BY DR. SETH BERKLEY, Medical doctor, infectious disease epidemiologist & CEO of Gavi, The Vaccine Alliance
COVID-19, it’s now clear, did more than create the worst global health crisis in a century, alongside a major economic crisis. It also sparked a massive global trust crisis. The fault lines it generated have rippled far beyond familiar and important issues, such as vaccine hesitancy or lack of faith in the counsel of policymakers and experts. They have exposed a gaping trust gap at the very core of our modern international order.
Dealing with crises that spill easily across national borders, such as pandemics or the consequences of climate change, requires effective global solutions. No country is safe unless all are safe. And yet, according to recent research published in Nature Medicine, at least 1.3 million lives were lost that could have been saved during the first critical year, when COVID-19 vaccines initially became available, had they been shared more equitably across the globe. This is a damning indictment of how self-interest prevailed.
But if the world can’t come together at a time when millions of people are dying, then how can we trust governments, businesses and citizens to do the right thing when confronted with similar crises in the future? The cold hard truth is that we can’t. During any kind of global disaster, even with the best will in the world, governments understandably put the protection of their citizens first.
The proper response is not despair but realism. Since national self-interest is certain to prevail in future crises, the way to obviate that is to put in place global solutions that will automatically work in everyone’s best interest — and do so long before disaster strikes.
Consider the case of COVAX, which I co-founded. This multilateral effort was created in the early days of the COVID-19 crisis to prevent a potential repeat of what happened during the last pandemic in 2009 when a small number of wealthy nations bought up almost the entire global supply of H1N1 swine flu vaccines, leaving little for the rest of the world. COVAX was deliberately designed to benefit every signatory, which is why 190 countries representing 90 percent of the world’s population joined the effort.
Remember, at the start of the pandemic, it wasn’t clear if it would be possible to produce safe and effective vaccines against COVID-19 quickly enough. Even governments with the resources to negotiate bilateral deals with manufacturers faced a high risk that those deals might prove useless if those vaccines didn’t succeed. For them COVAX represented an insurance policy, and a potential a back-up source of vaccines. For the rest of the world, it was simply a lifeline. And to ensure that lifeline was there, COVAX included a mechanism that removed the financial barriers to securing equitable access.
Did it work? Up to a point. As it turned out, we got dozens of vaccines, not one, and in record time. To date, COVAX has shipped close to 1.9 billion doses to 146 economies, of which close to 1.7 billion — or roughly 90 percent — have gone to people in the 92 lower-income countries, who would have otherwise struggled to get vaccinated.
But where science delivered, self-interest hindered. The sheer scale of the vaccine hoarding we subsequently witnessed, compounded by export restrictions imposed by countries on vaccines and the components needed to make them, all conspired to create huge bottlenecks in the global vaccine supply. This created those delays in getting them to lower-income countries, which caused that tragic and unnecessary loss of lives.

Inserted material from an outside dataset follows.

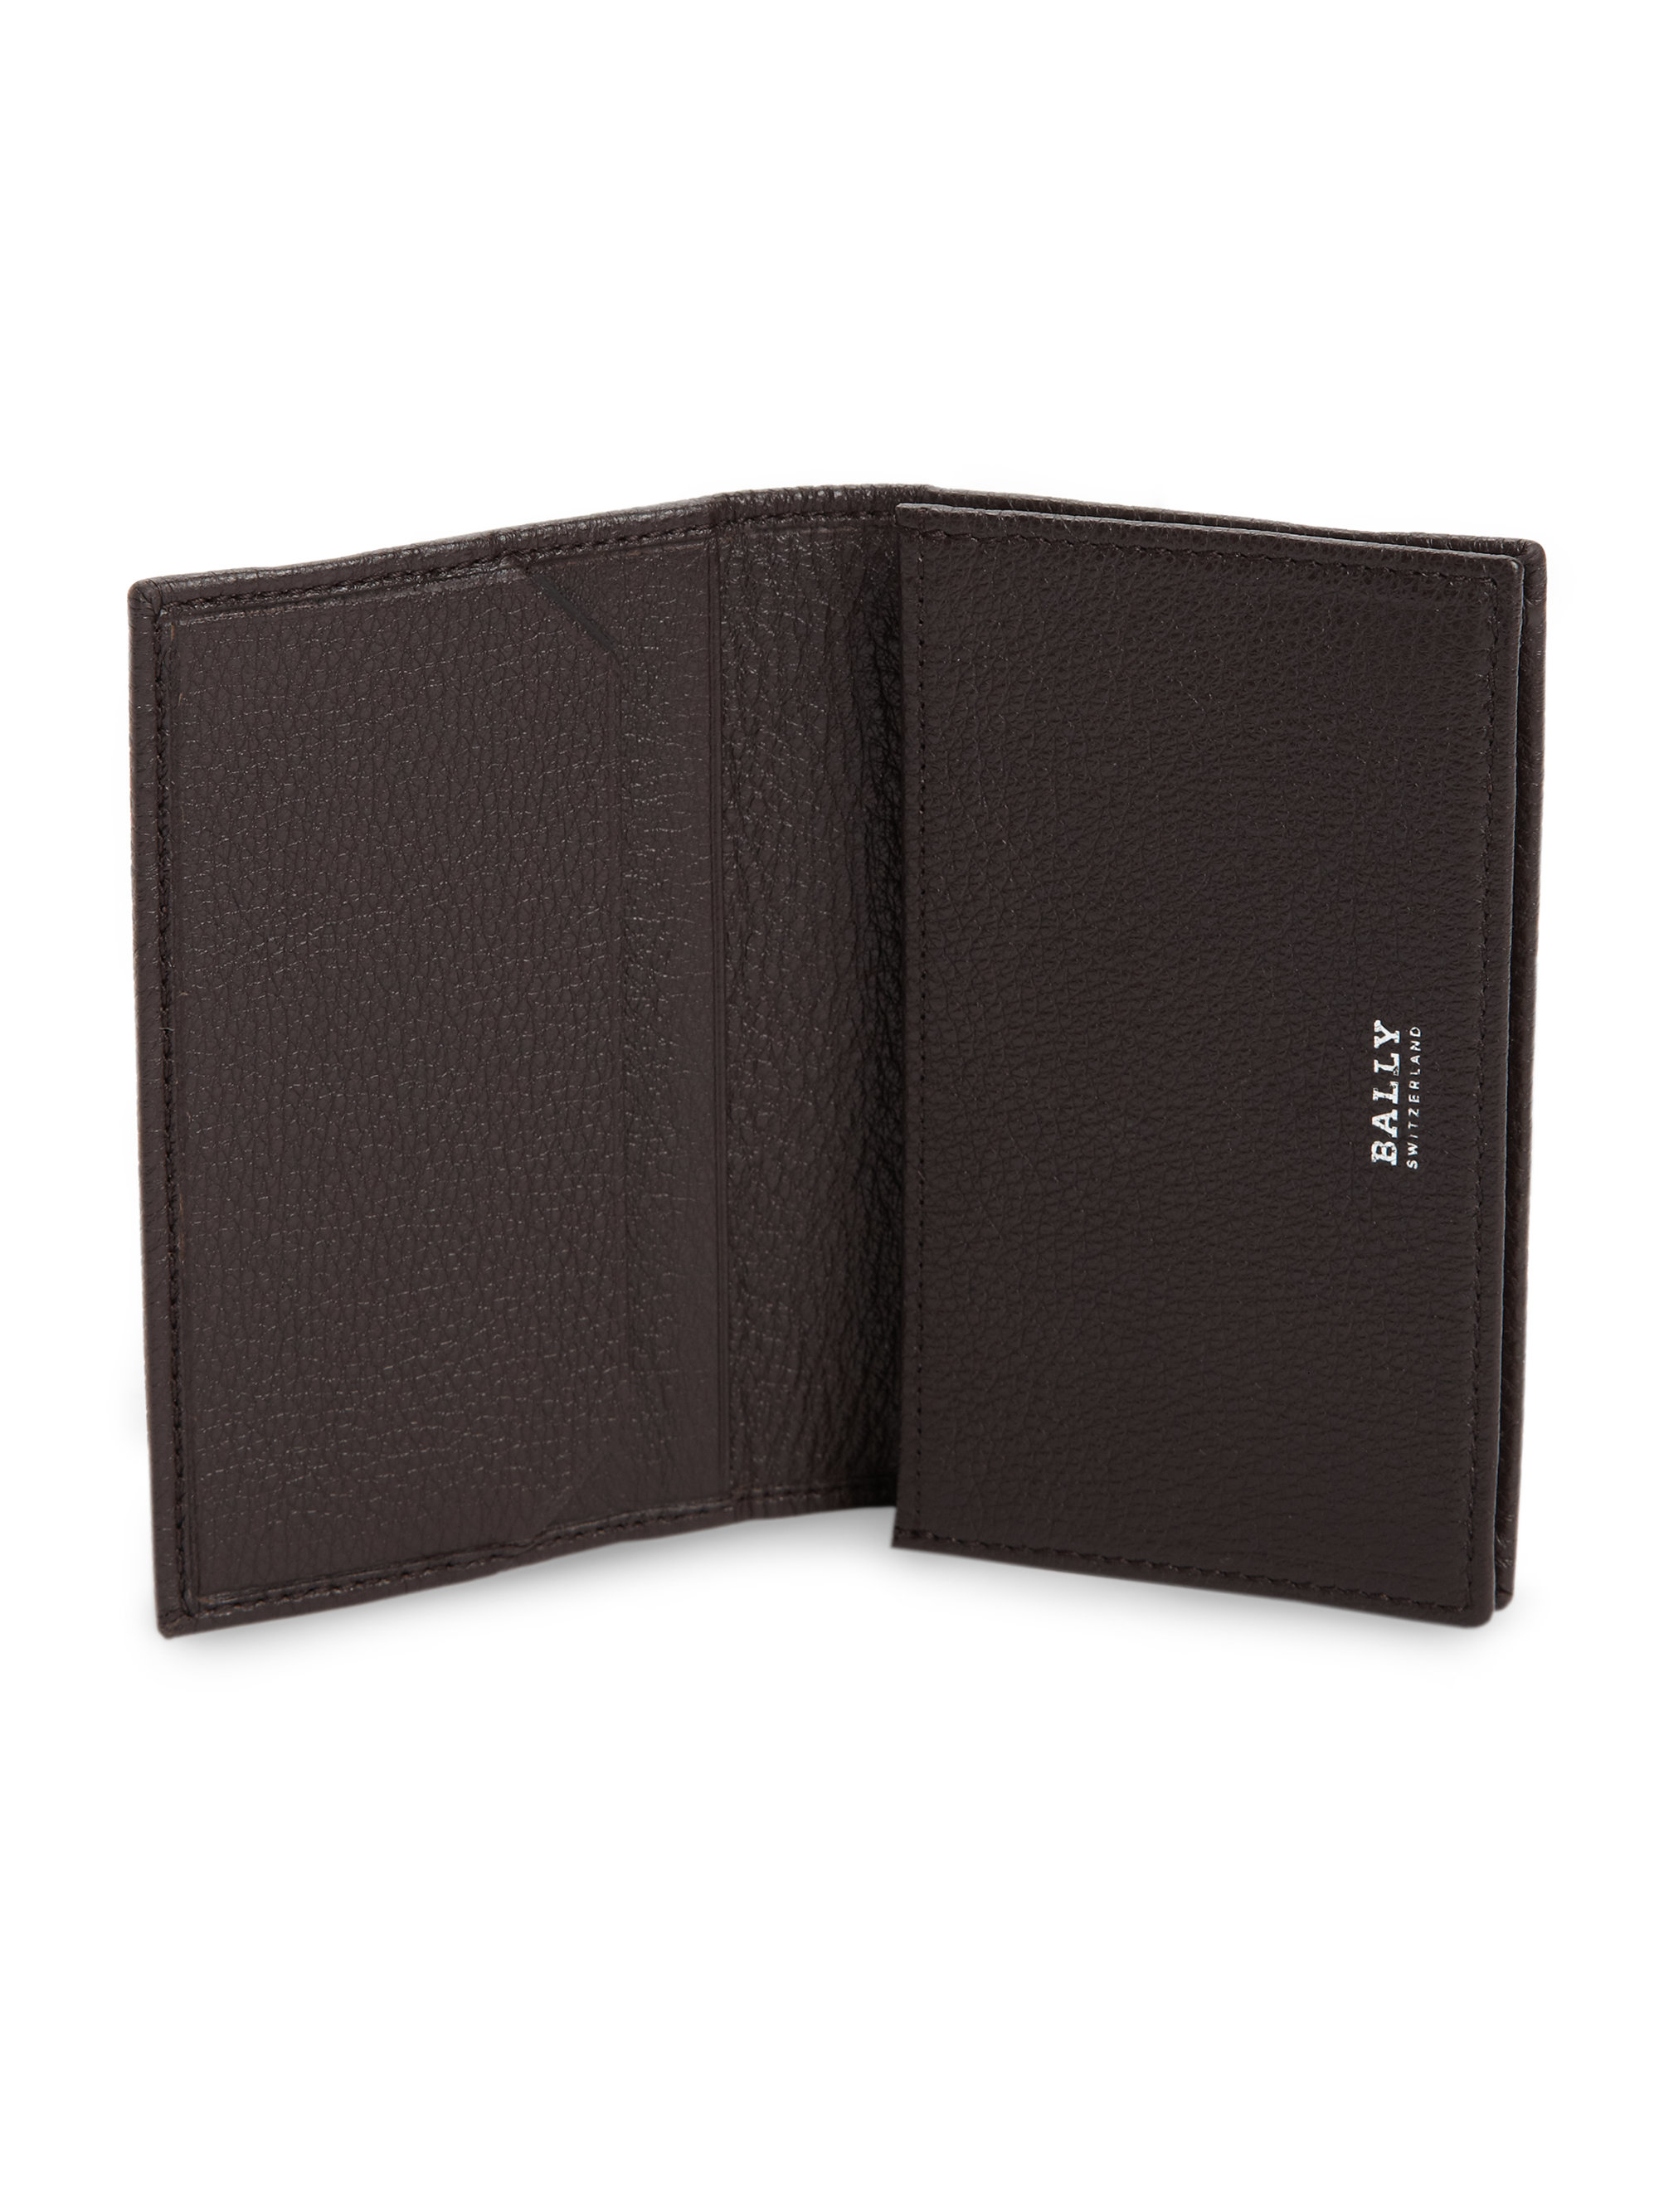 Bally Leather Bifold Wallet in Chocolate (Brown) for Men - Lyst

Had COVAX been created and fully funded before the pandemic, much of this could have been avoided. Valuable time was lost mobilizing this new organization and raising the billions of dollars it needed, putting it at a disadvantage in securing doses from manufacturers. Also, while COVAX worked because it was built on global health networks that were already in place, with no at-risk contingency funding or surge capacity already built in, receiving agencies like Gavi, were stretched to the limits, hampering our impact.
Here again, one key way to shore up trust and improve responsiveness in a crisis is to prepare well in advance. Many, including myself, have long argued that we ought to have the vaccines we need ready before pandemics appear. Even if we don’t know the precise nature of the threat, it is possible to carry out much of the R&D and some of the human trials on potential candidate vaccines ahead of time, and then tweak them when we know precisely which virus we are dealing with, much as we do with seasonal flu vaccines.
Given that self-interest and competing national priorities are not about to disappear, whatever advance solutions we devise must be capable of working, even in the most hostile geopolitical environments. When it comes to pandemics, one way to achieve this will be to expand regional vaccine manufacturing, particularly across the African continent.
Such expansion can help reduce the impacts of vaccine hoarding and export restrictions and ensure that all countries have regional access. With climate change, we will need similar regional models and widely dispersed supply chains to ensure that future global solutions don’t leave the world’s poorest and most vulnerable citizens behind.
What’s not in doubt, sadly, is that such solutions will be needed. Even as COVID-19 continues to spread, the risk of further pandemics is increasing, with a of one occurring in any given year. That prospect will only be made worse by the rebounding effects climate change will have on public health.
To cope we must continue to build global approaches. But above all, we need global approaches that can work in a world where low trust and strong nationalist responses are sure to go hand-in-hand. Building those approaches in advance, with proper respect for the persistence of self-interest, is the best way to create solutions that will serve everyone.